Проводив гостей, Антон снова прошёл в маленькую комнату, чтобы наконец покурить. Открыл окно. Запах ванили по-прежнему царил над Невским проспектом. Ещё неделю назад в этой комнате жила Вера. Его Вера. Маленькая, умненькая кокетка, которую все вокруг обожали. Обожал и он, ещё с юности. Но уже семь дней комната пустовала. Менялась не только Россия, но и люди, которые её составляли. Вот и Вера в одно мгновение изменилась. Может быть, это всё было в ней и раньше, так сказать, существовало в потенции. Но если бы жизнь продолжала оставаться прежней, то Антон и через сто лет этого не заподозрил бы в Вере. Какие взбалмошные идеи угнездились в её голове! Он даже не верил поначалу, что это у неё всерьёз, всё подшучивал да подтрунивал над нею. А она только морщила лобик и всё больше погружалась в себя, становясь холоднее и холоднее. Пока наконец и вовсе не решилась поселиться в Доме искусств на Невском, два верхних этажа которого были превращены в фаланстер. Начитавшись Фурье и особенно Чернышевского, многие из переселенцев искренне поверили, что вот так вот запросто можно взять и изменить человеческую натуру и неписаные законы общественной жизни. Что творится с Россией! Что творится с людьми!

2

Она немножко рисовала, немножко писала стихи и даже немножко переводила Катулла. Всего понемножку. И если говорить честно – а признаваться в этом самому себе Антон не хотел, – всё это «немножко» выходило у неё скверно, особенно переводы. Конечно, Антон не был знатоком творчества «изнутри». Должно быть, это нутро обладало каким-то особым, присущим только ему, свойством, которое следовало априори возносить в любом человеческом существе. Но возносил он в Вере совсем не это, а к творчеству её относился, как к детской забаве. Вера похвальбы его воспринимала, как «неприемлемое сюсюканье и постыдную ложь». Так она и выражалась, глядя в пол и разводя в стороны руки с мило растопыренными пальчиками. О, как восхитительна была она в эти мгновения своего гнева! Антон в страстном порыве бросался расцеловать каждый её пальчик. Но «сие неуместное и унизительное для девушки действо» только доводило её до слёз. Жаль, что у неё имелся только один неоспоримый талант – она была по-девичьи мила в высшей степени этого слова, – но высказать ей ещё и свою жалость было бы со стороны Антона уже преступлением. Он терялся, не зная, что делать.
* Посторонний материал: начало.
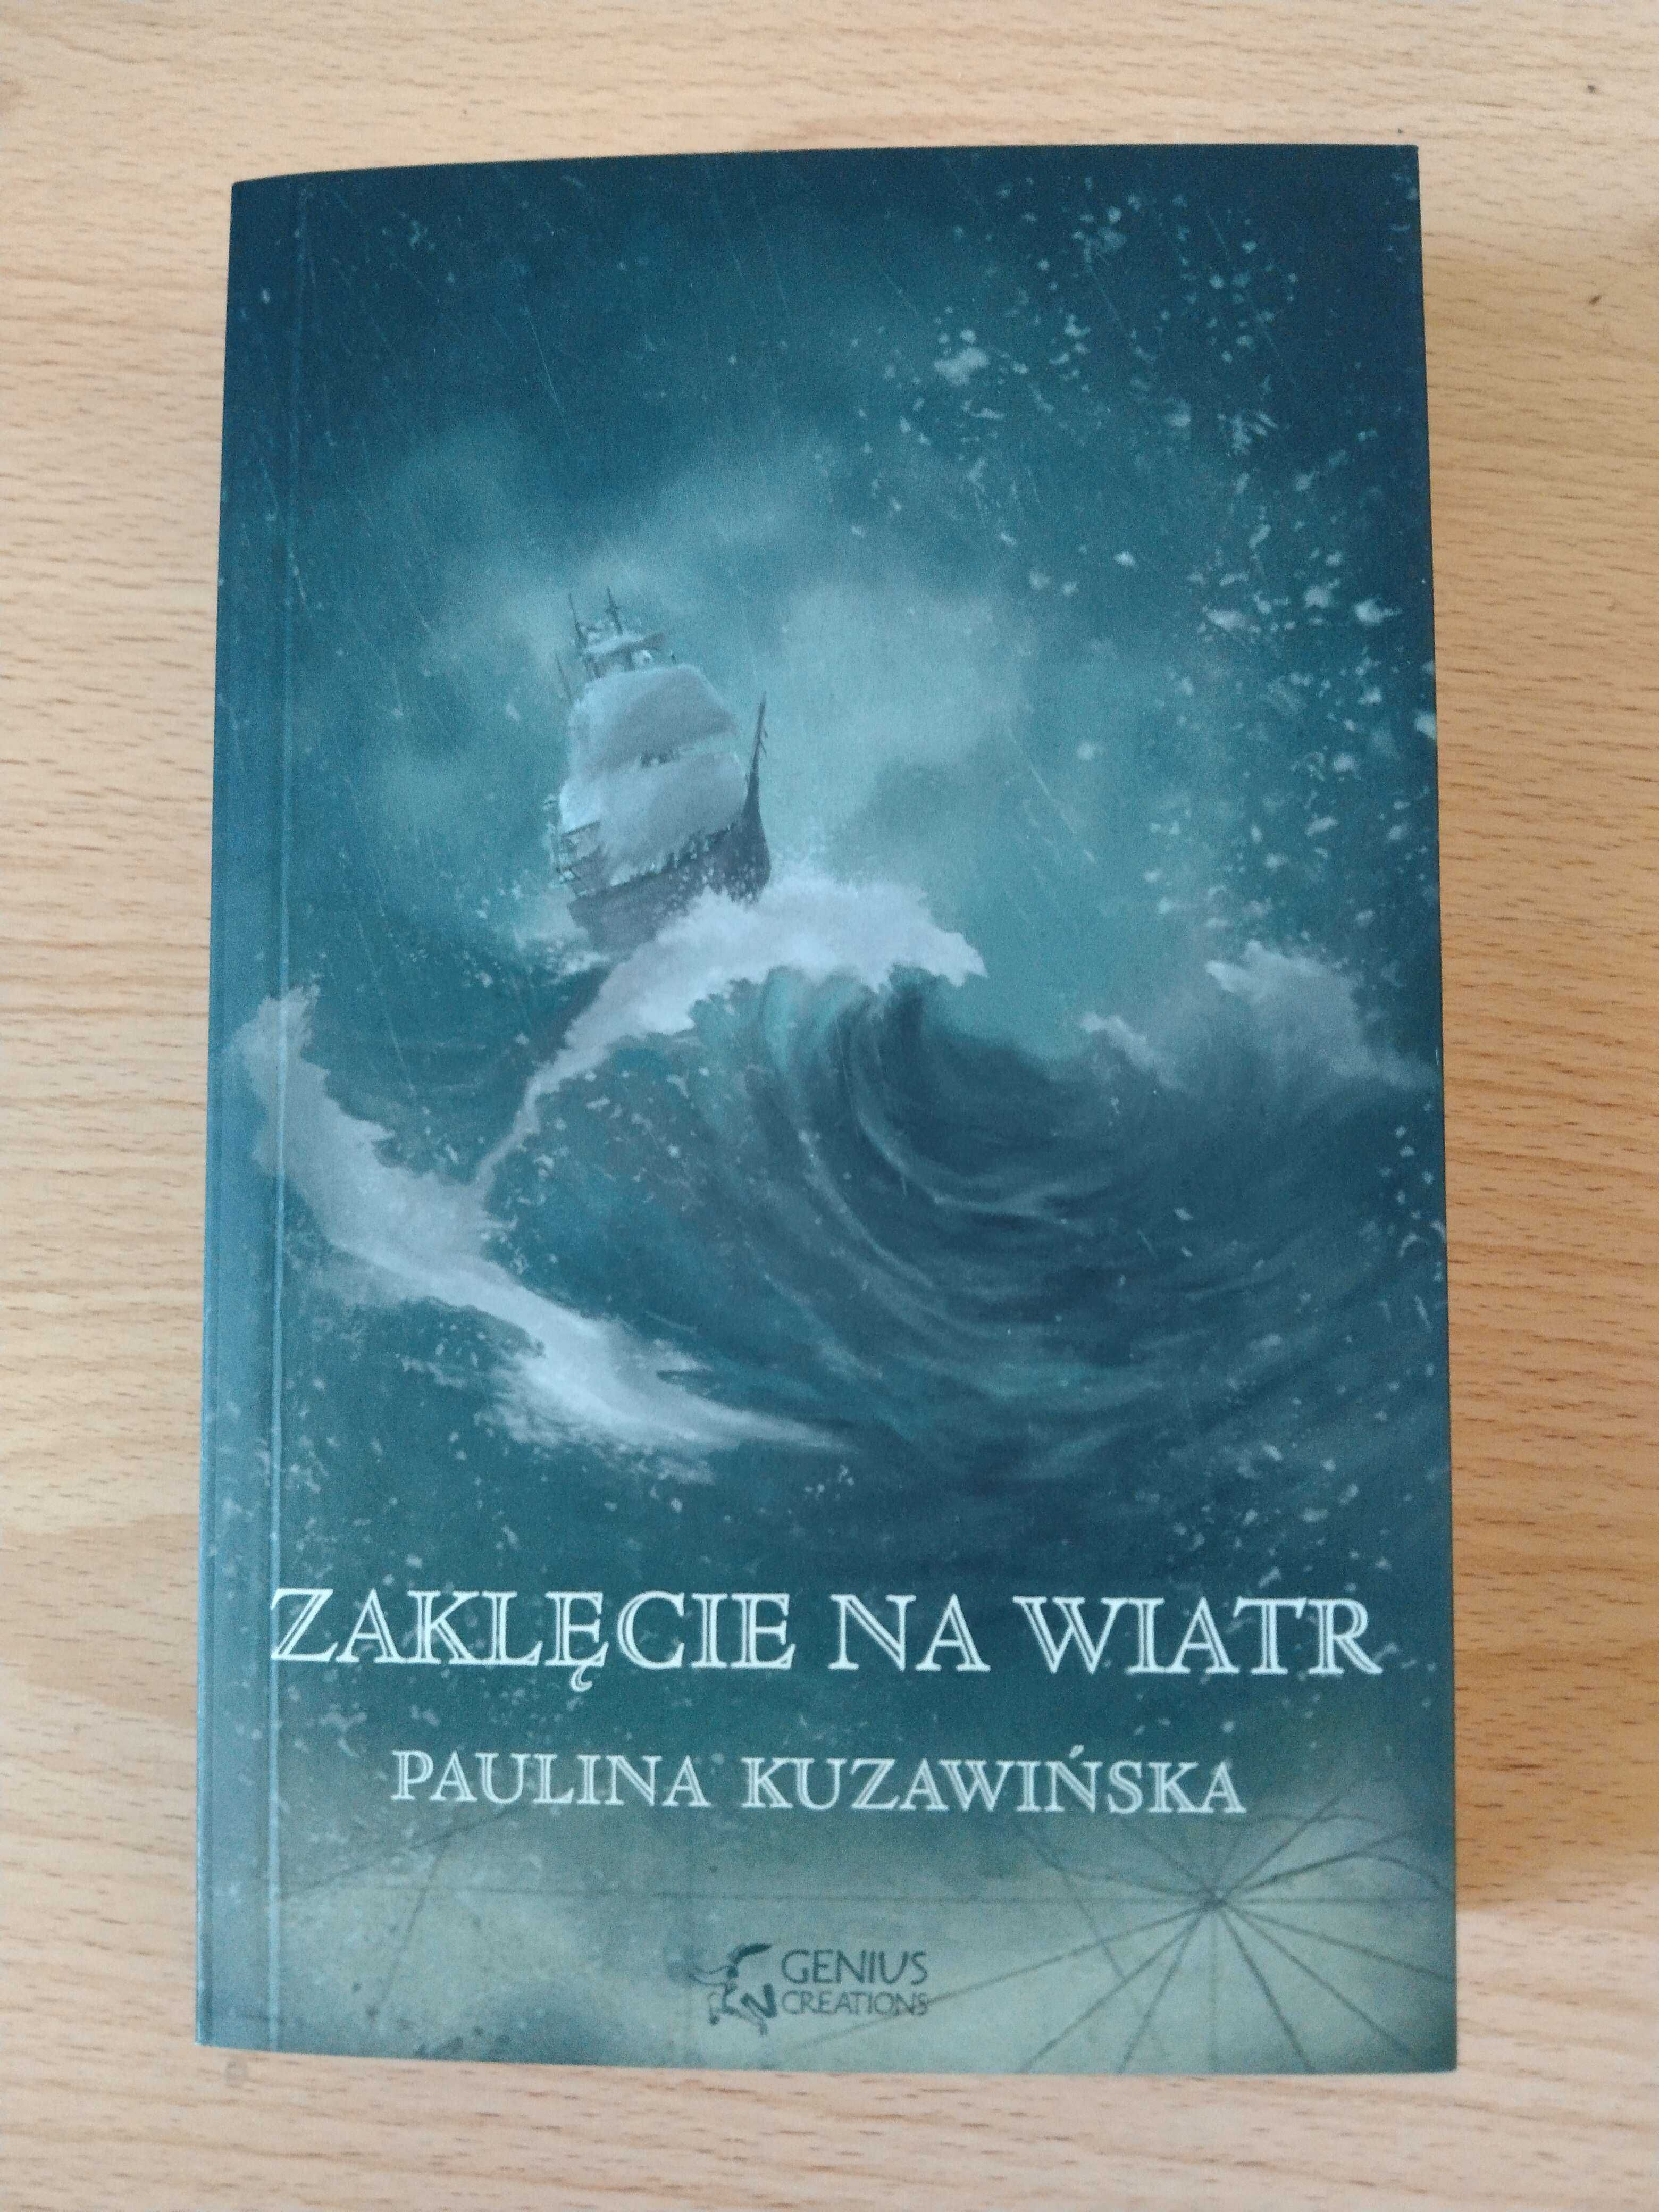 Zaklęcie na wiatr, Paulina Kuzawińska

Просил даже Трецкого похвалить Верины акварели, а Куцего – какой-нибудь из её витиеватых стихов. Но Веру это злило ещё пуще, потому как она понимала, что похвалы эти не настоящие, а есть лишь «плод Антошкиных уговоров». Их совместное проживание сделалось просто невыносимым.

В коммуне Вера быстро нашла почитателей своего таланта, довольно близко сошлась с каким-то беспризорным художником из пролетариев, и, воодушевлённая идеями новой жизни, которыми были пропитаны холодные коридоры Дома искусств («диска», как все его называли), решила полностью посвятить себя правому делу революции на поприще, так сказать, искусства. Но это были лишь слухи, обрывками доходившие до Антона. И потому сегодня он решил увидеть всё собственными глазами и последний раз попытаться вернуть себе «прежнюю» Веру.

По Невскому до Мойки было рукой подать, поэтому Антон шёл медленно, пытаясь сосредоточиться, дабы выглядеть в глазах Веры серьёзным. Четвёртое мая 1920 года в Петрограде выдалось дождливым. Туман заволакивал набережные, скрывал фасады домов и громыхающие трамваи. На душе было тревожно, как год назад, когда город перевели на военное положение и вот-вот ждали Юденича с его освободительной армией и эшелонами продовольствия для голодных. Впрочем, сам Антон эту тревожность испытывал далеко от России, застряв в Лондоне на неопределённое время, поскольку отношения с Англией у России опять обострились – наступление Юденича было поддержано военно-морским флотом Великобритании. О ситуации в городе он узнавал только из писем Веры (которые доставлялись с большой задержкой) да из местных газет. Вера сама была мобилизована для обороны в санитарную часть, и рассказывала об этом с гордостью и энтузиазмом. Уже тогда Антон почувствовал в девушке некую отстранённость и вроде даже какой-то упрёк за то, что он не оказался рядом в такой ответственный для Петрограда момент. Было ли ему стыдно? Или обидно? Да пожалуй, нет. Всё происходящее он видел бессмысленным в своей жестокости и лживым в своих обещаниях лучшей свободной жизни. И чем больше между строк в Вериных письмах угадывал он упрёков, тем бесповоротнее убеждался в том, что конец их отношениям неизбежен. Но эту полуосознанную свою убеждённость он старался запрятать куда поглубже, нагонял туману, такого же, какой сейчас стелился над Мойкой.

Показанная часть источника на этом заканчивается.